GIVEN INFORMATION:
Content starts

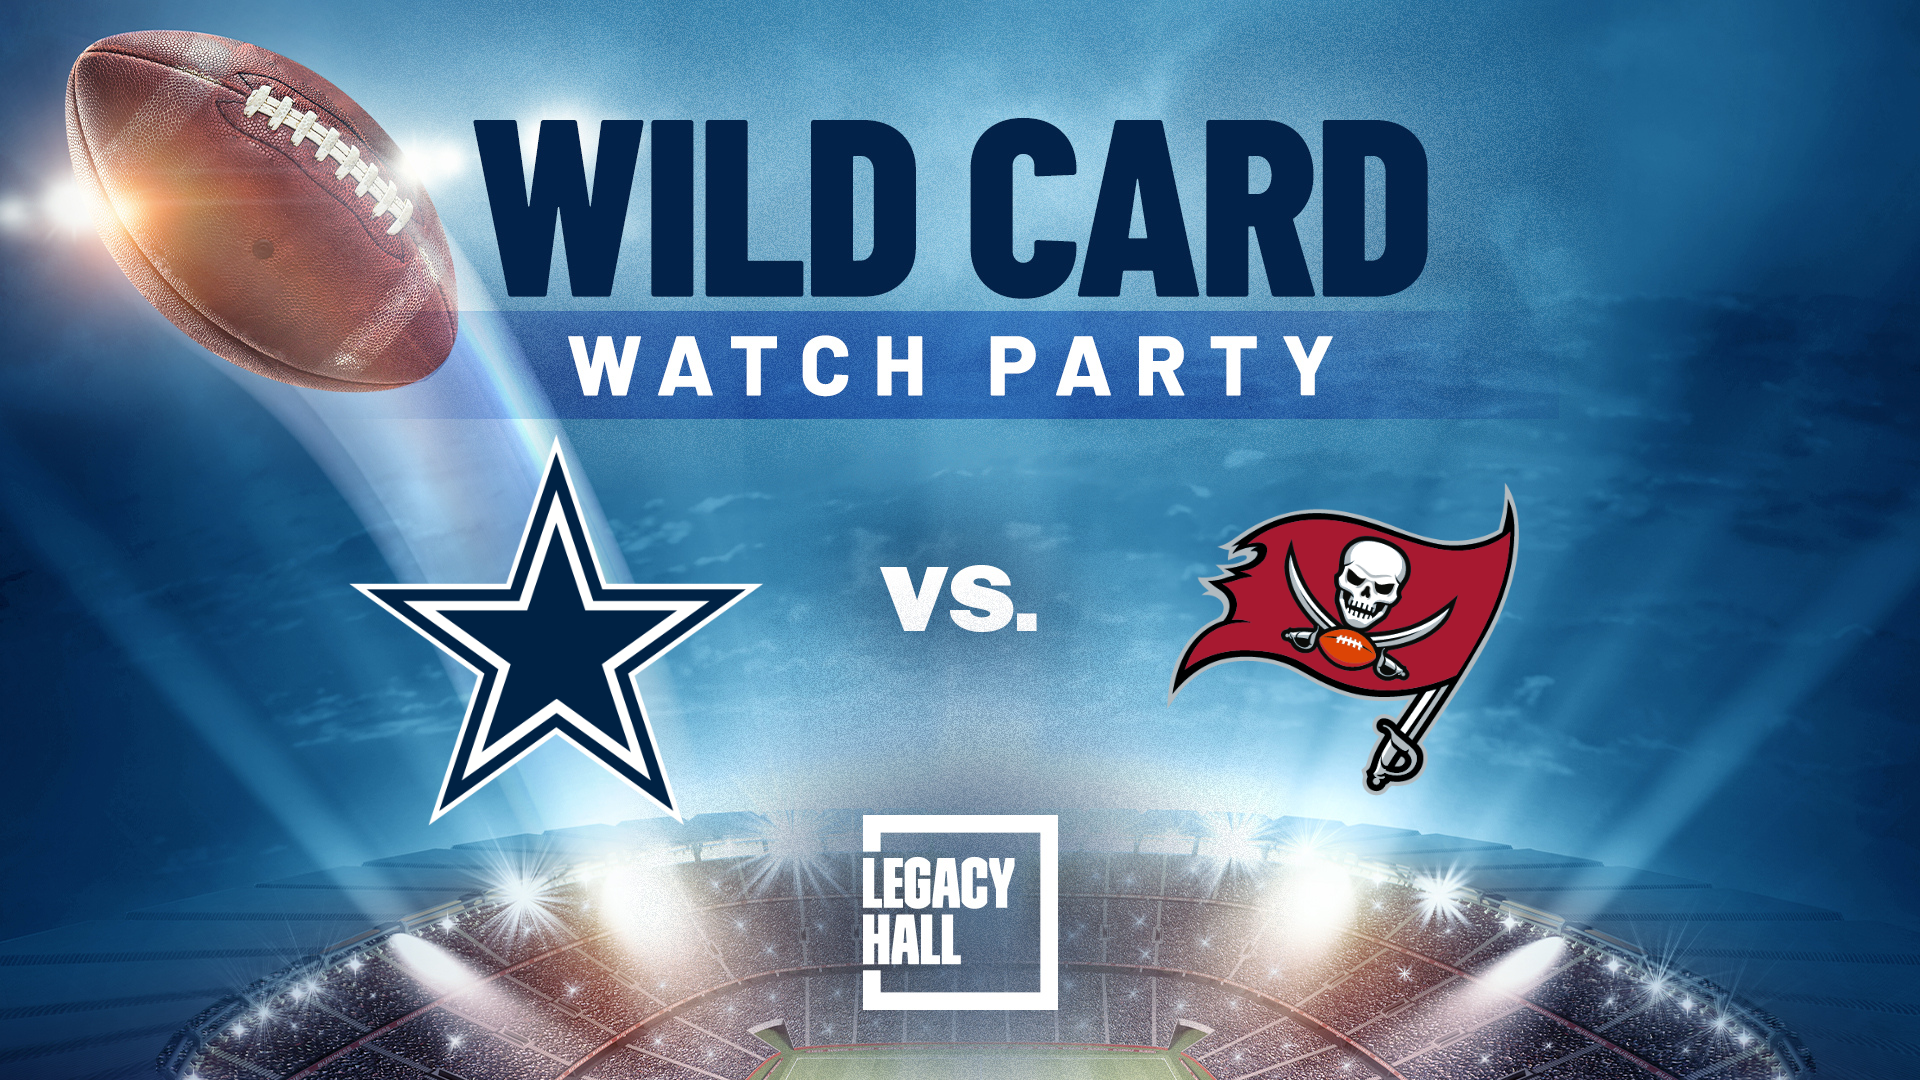 Cowboys vs Buccaneers Wild Card Watch Party - hero
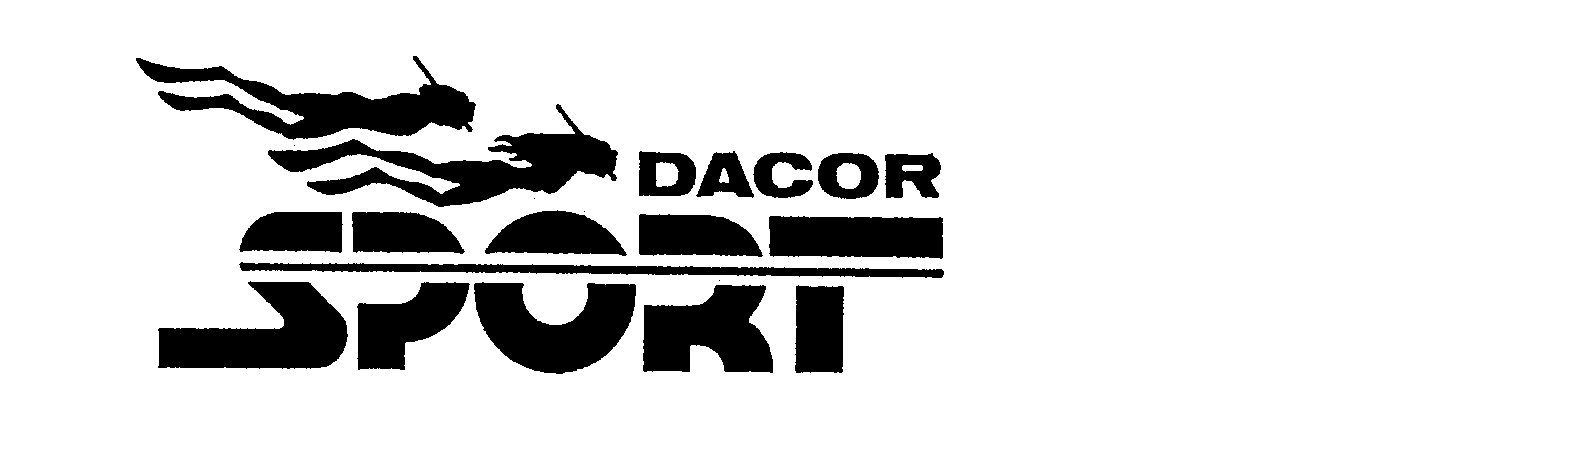  DACOR SPORT
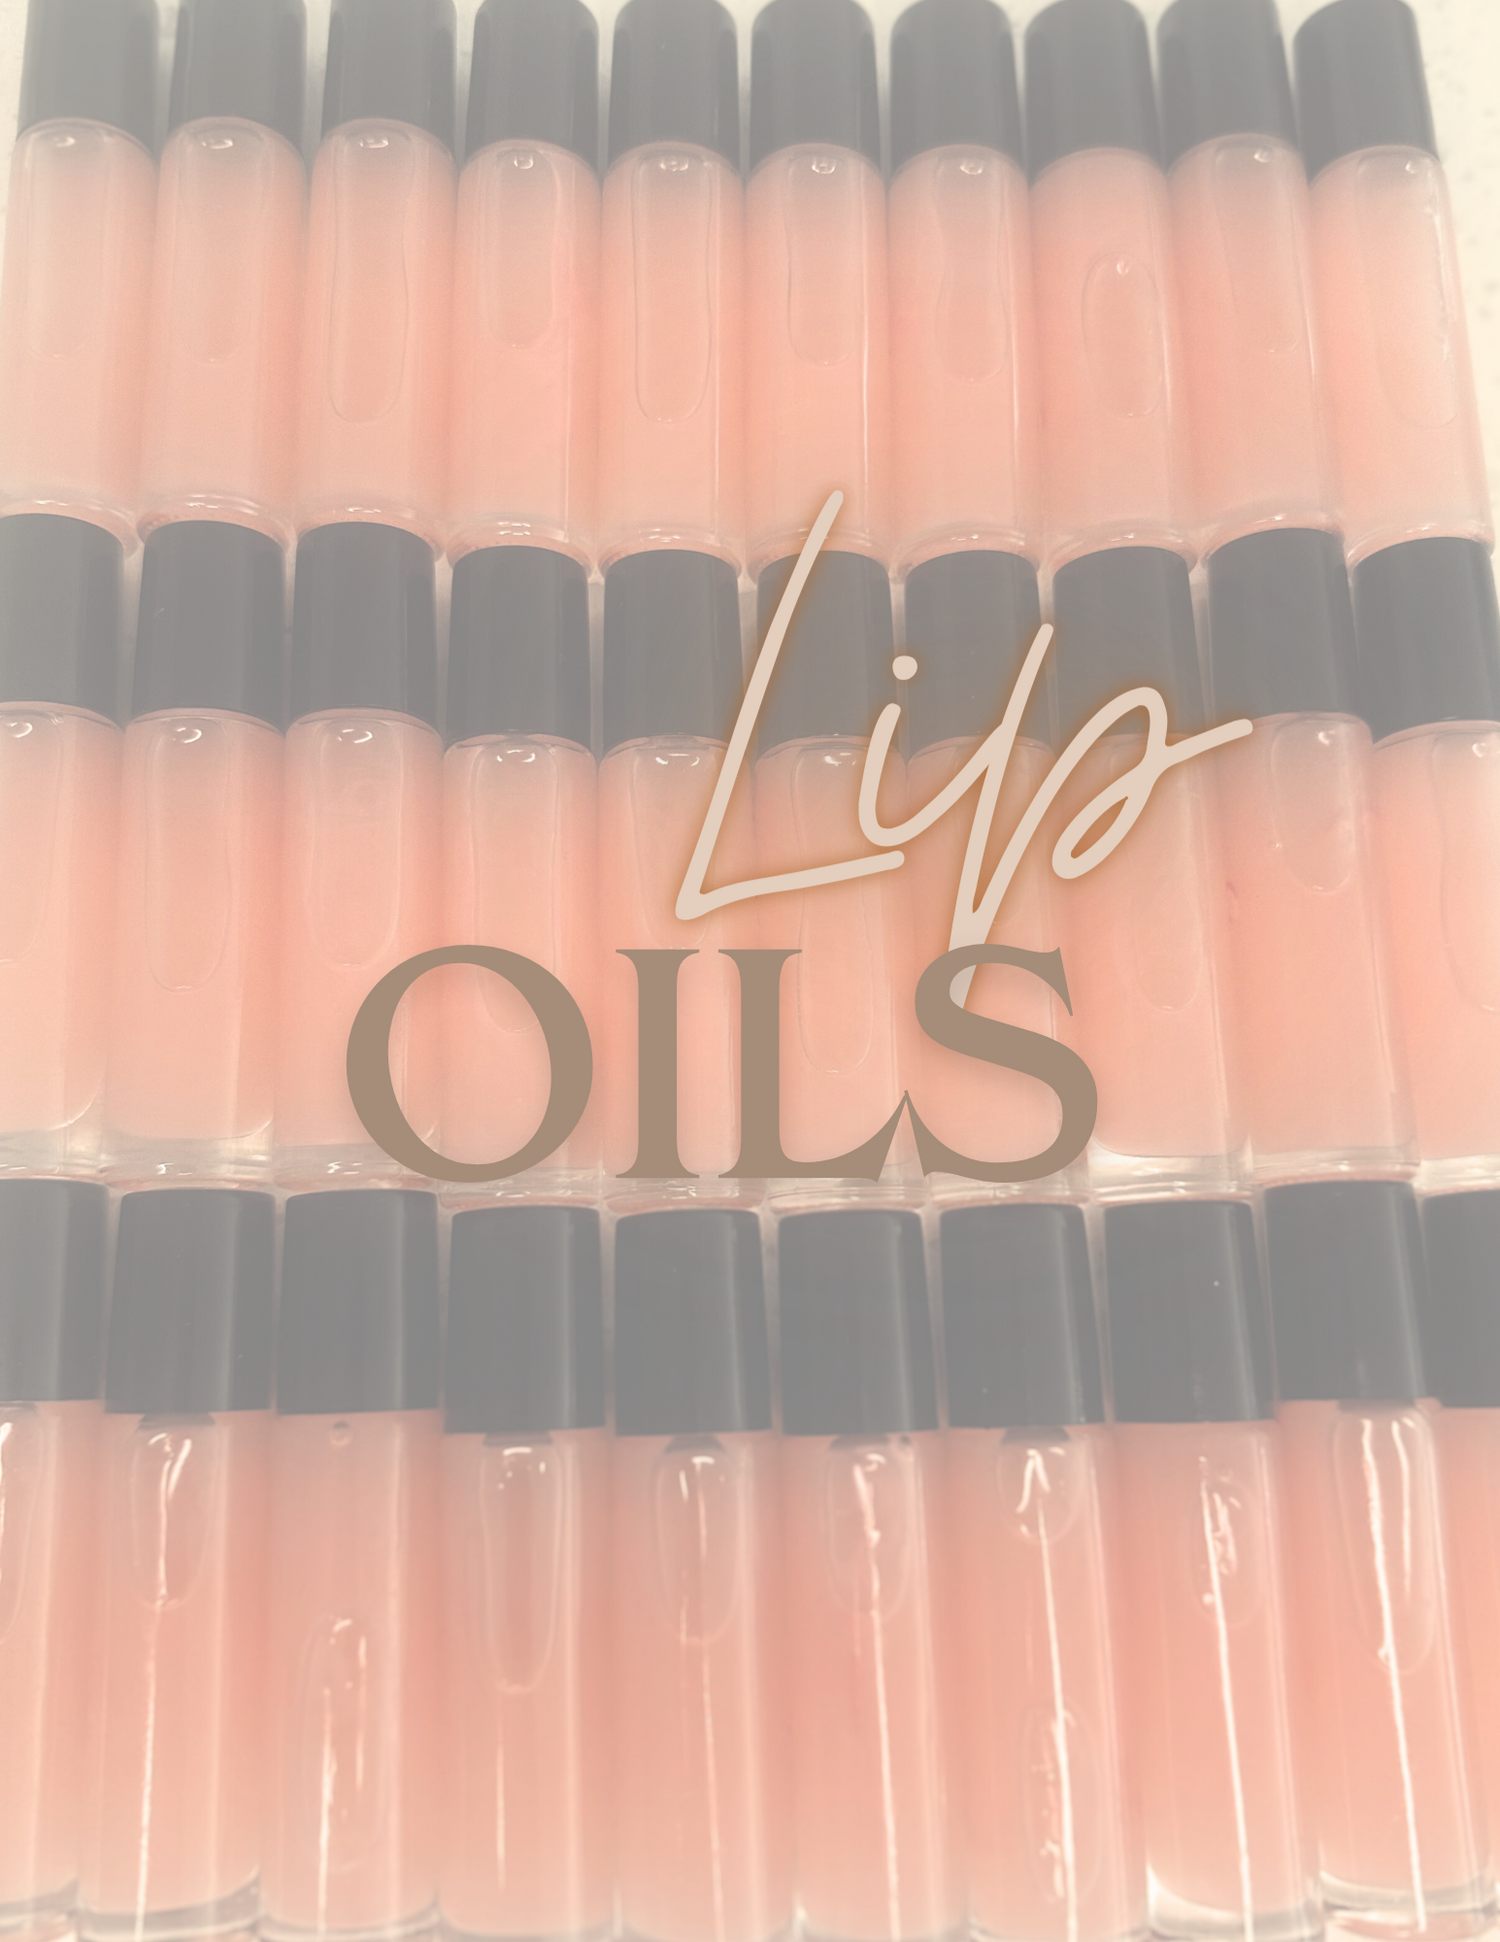 Lip Oils

Content ends

EXERCISE GOAL:
Give back the listing unchanged. Strip out the pictures.

EXERCISE OUTPUT:
 Cowboys vs Buccaneers Wild Card Watch Party - hero
  DACOR SPORT
 Lip Oils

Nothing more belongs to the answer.